Optimisation Hints (dict processing and strings)

Wed Mar 30 07:18:51 EST 2005

OPQ wrote:
>>>for (2):
>>>for k in hash.keys()[:]: # Note : Their may be a lot of keys here
>>>   if len(hash[k])<2:
>>>      del hash[k]
>>
> 
>>- use the dict.iter* methods to prevent building a list in memory. You 
>>shouldn't use these values directly to delete the entry as this could 
>>break the iterator:
>>
>>for key in [k for (k, v) in hash.iteritems () if len (v) < 2]:
>>     del hash (key)
>>
> 
> 
> I gonna try, but think that would be overkill: a whole list has to be
> computed !

Yes, but it is smaller than the list returned by hash.keys(), so it should be a win over what you 
were doing originally. Plus it avoids a lookup (hash[k]) which may improve the speed also.

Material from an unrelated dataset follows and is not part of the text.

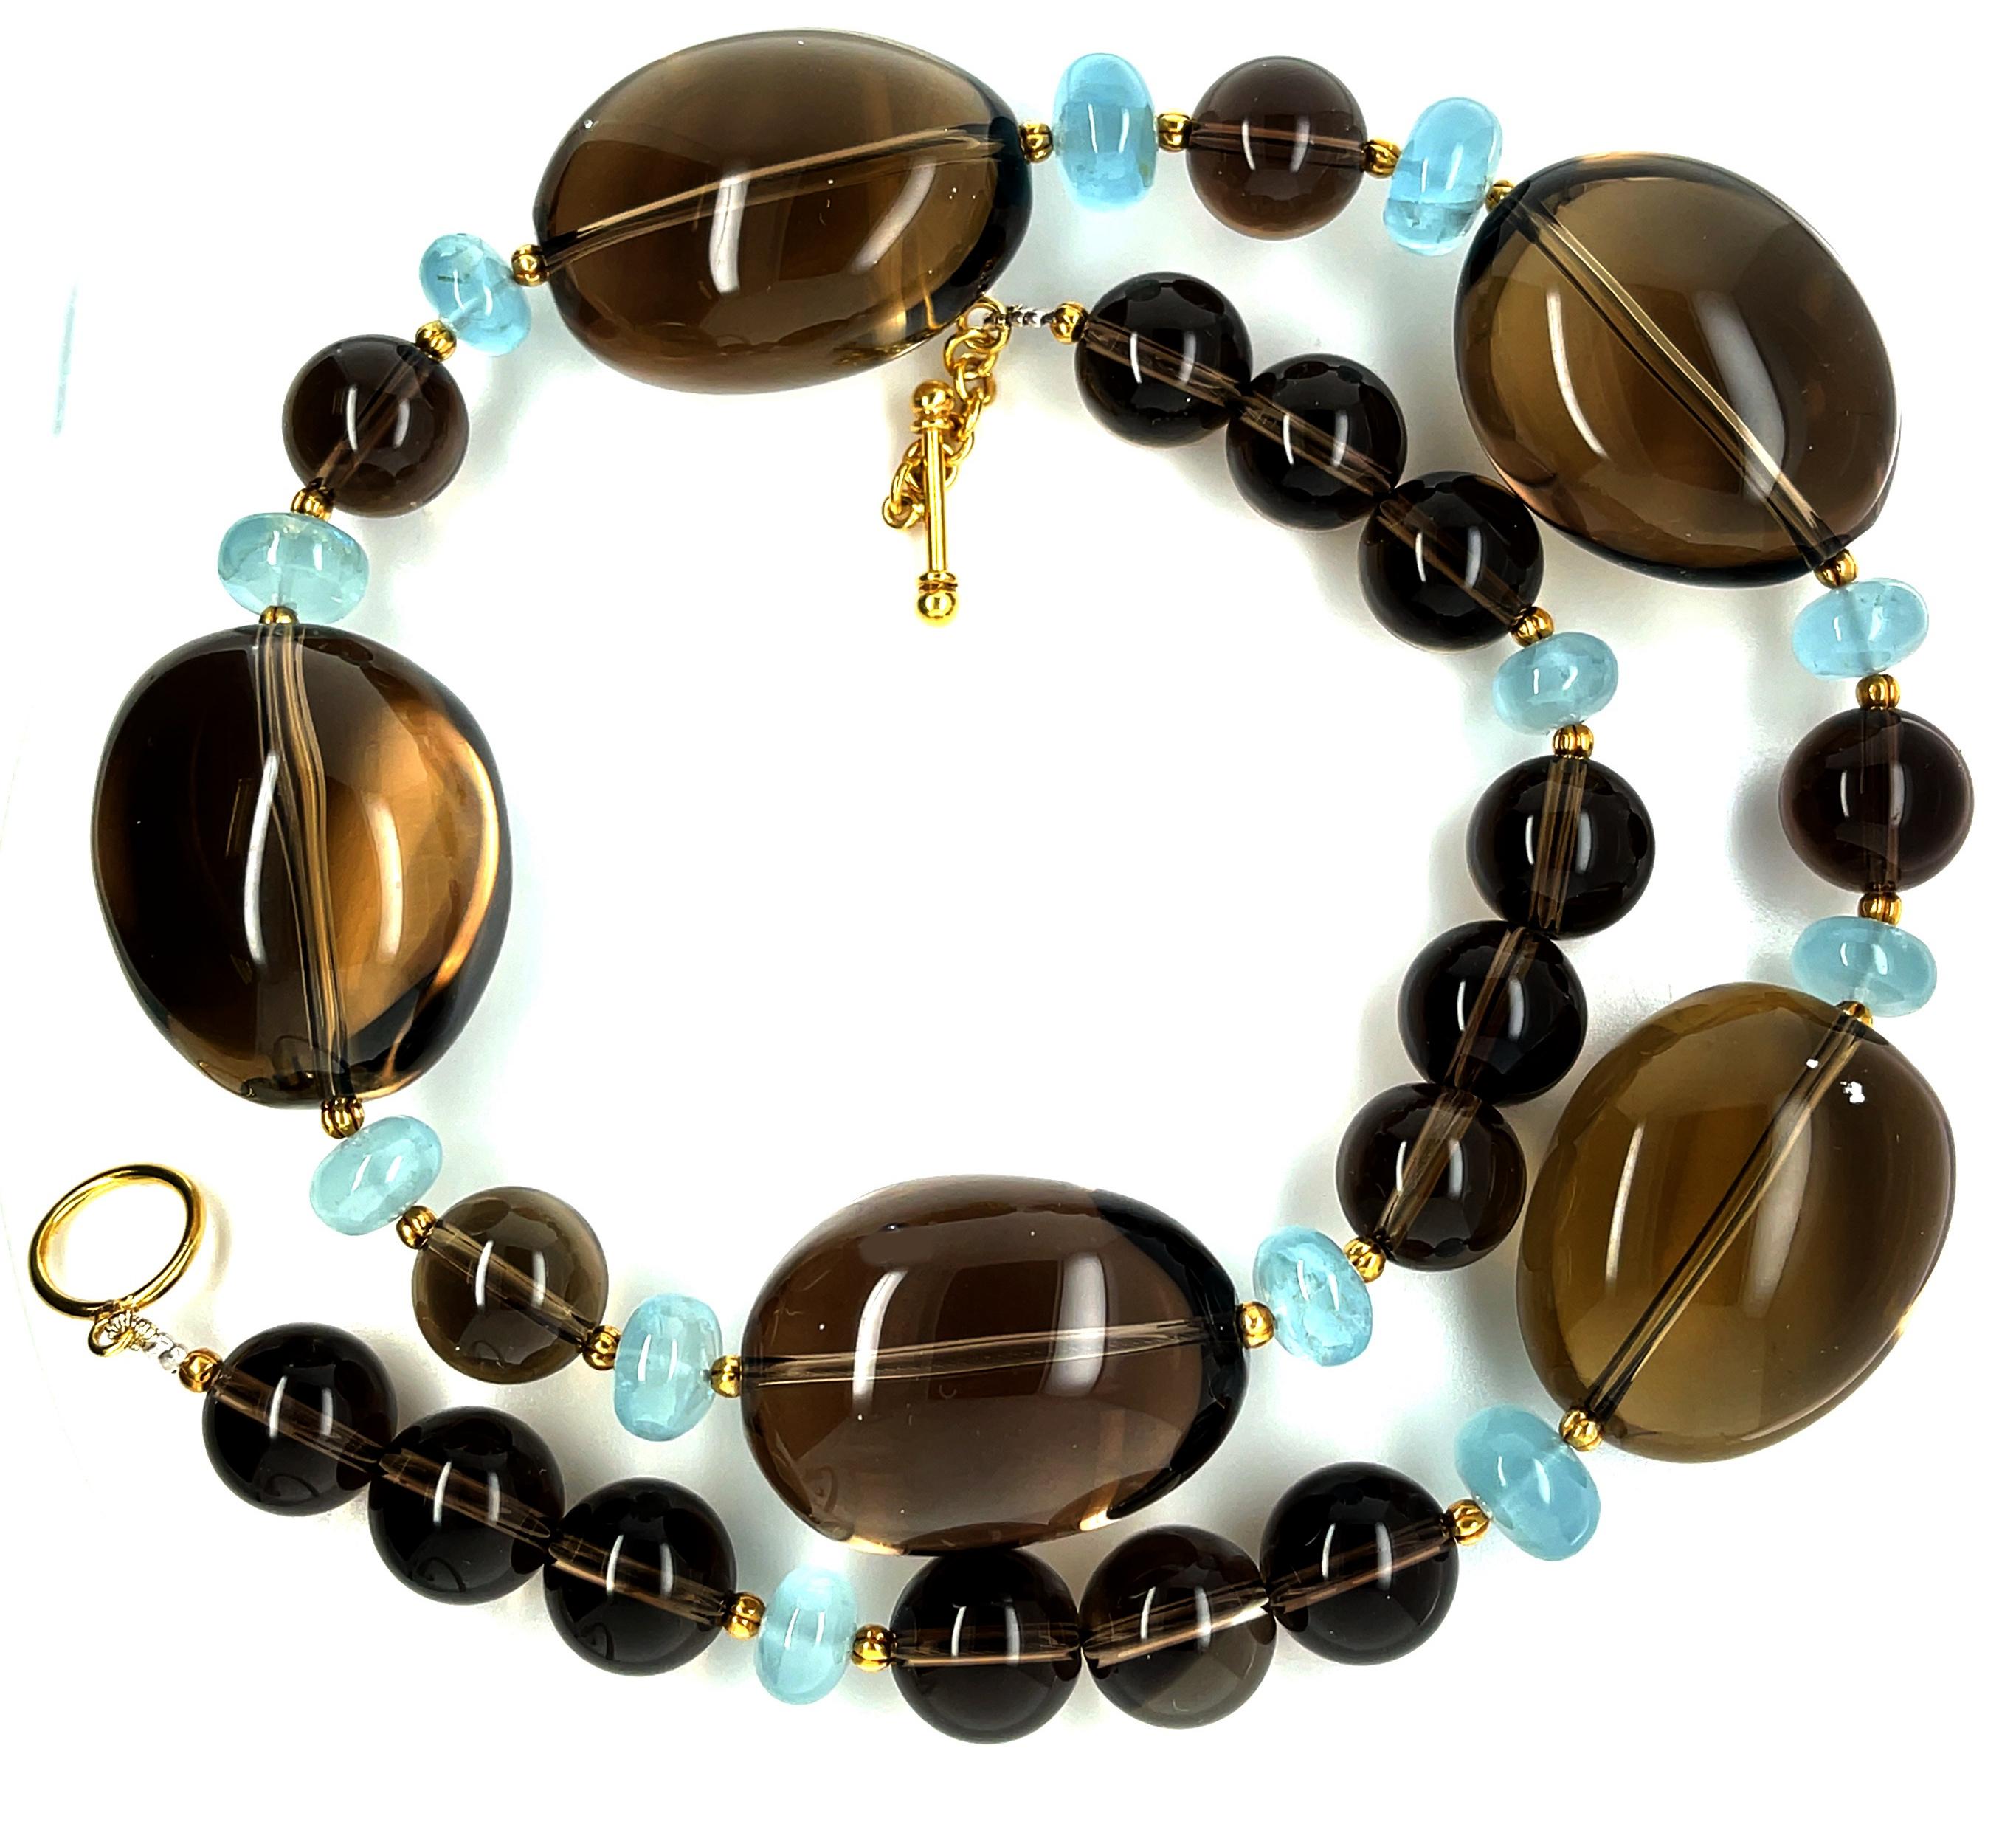 A gorgeous color pairing of warm toffee brown with cool sea glass blue is mesmerizing in this sophisticated and eye-catching necklace that combines smoky quartz with aquamarine and 18k yellow gold. Large, smoky quartz oval crystals have been

BTW I have long assumed that iterating key, value pairs of a dict using iteritems() is faster than 
iterating with keys() followed by a lookup, since the former method should be able to avoid actually 
hashing the key and looking it up.

I finally wrote a test, and my assumption seems to be correct; using iteritems() is about 1/3 faster 
for simple keys.

Here is a simple test:

##

d = dict((i, i) for i in range(10000))

def withItems(d):
     for k,v in d.iteritems():
         pass

def withKeys(d):
     for k in d:
         d[k]

from timeit import Timer

for fn in [withItems, withKeys]:
     name = fn.__name__
     timer = Timer('%s(d)' % name, 'from __main__ import d, %s' % name)
     print name, timer.timeit(1000)

##

I get
withItems 0.980311184801
withKeys 1.37672944466

Kent